2. Can do it without ‘Khan’
The 90s and the decades after saw the Khan’s of the industry ruling the roost. Between Shah Rukh, Salman, Aamir and Saif, filmmakers played roulette choosing one over the other in constant succession as it guaranteed adequate advance/opening bookings for their films if not BO hits. 2012 saw a major shift in this trend with many filmmakers opting to sign other bankable stars including debutants by the dozen. With the Khan’s being selective about their choice of films limiting to 1-2 releases per year & within their own production houses, this decision of filmmakers to increasingly opt for other names resulted in a win-win situation with the audiences enjoying the novelty and choices in leads cinema threw film after film. While the Khan-brigade continue to hold fort strong where collections are concerned, the fact that this year’s best film lists on most sites feature films that do not star a Khan is proof enough that the industry is embracing this new found development. Let’s now hope it’s here to stay.
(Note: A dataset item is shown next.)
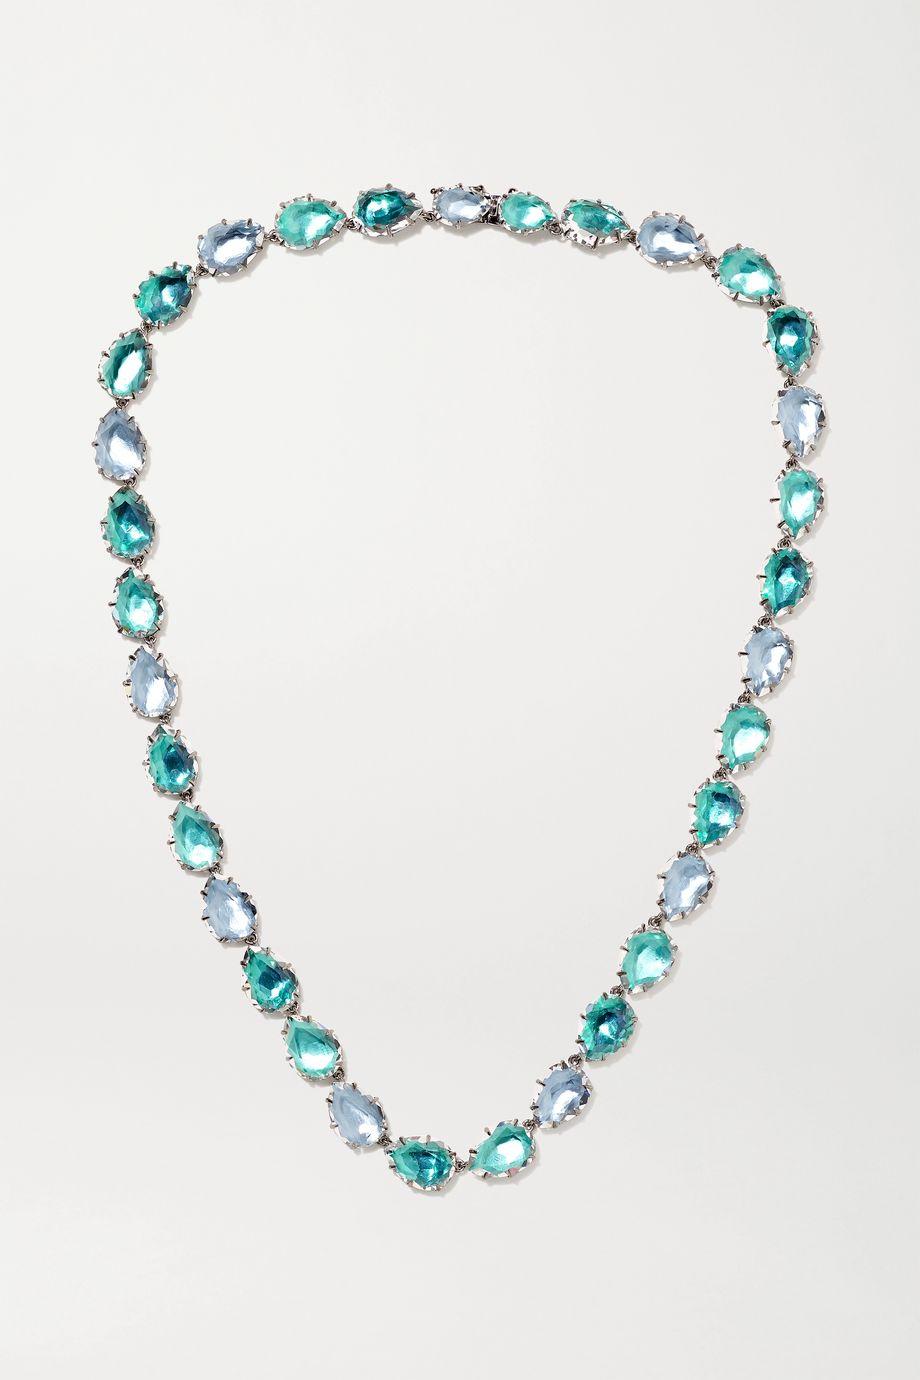 Larkspur & Hawk Caterina Rivière rhodium-dipped quartz necklace
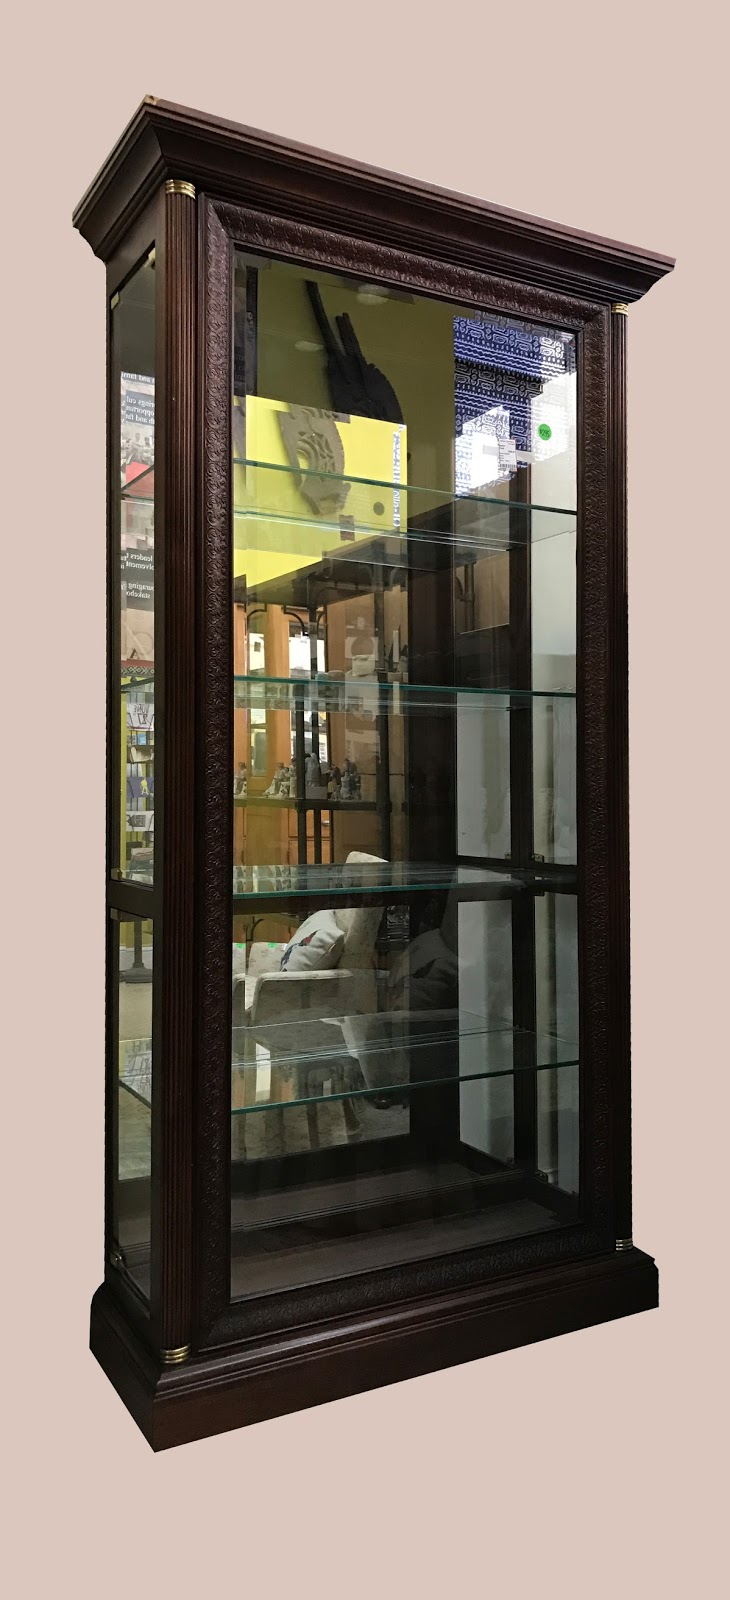 Uhuru Furniture & Collectibles: Large Lighted Curio

1. Let’s talk about sex baby!
In one of the biggest surprises of the year or possibly the decade), with Vicky Donor Bollywood gave Hindi cinema its first “sex-comedy” minus the cringe-worthy tummy squirms and toilet humor as has been associated with such films. That seemed almost impossible what with the likes of Kya Super Kool Hain Hum, Masti, Mumbai Matinee, the genre not moving beyond the kitschy stuff, appealing to, well, a certain section of the audience. Vicky Donor on the other hand was appreciated by almost every age-group for its proficiency in handling sensitivity with the right dash of entertainment without being too preachy. For a topic as giggle inducing as ‘sperm donation’, plus the core team including director, producer and leading actors being debutants, the subject seemed risky from the black word on script, one that would attract raised eyebrows and spurns if not tastefully done. To be honest I had my reservations for this film when the first sets of promos were introduced and I mentioned as much in my review months later. But with Juhi Chaturvedi’s pragmatic writing & Shoojit Sircar’s deft direction, the film, without poking deep into biology lessons or trampling moral grounds, achieved what its predecessors could not – wholesome entertainment with mass acceptance. Who would’ve thought?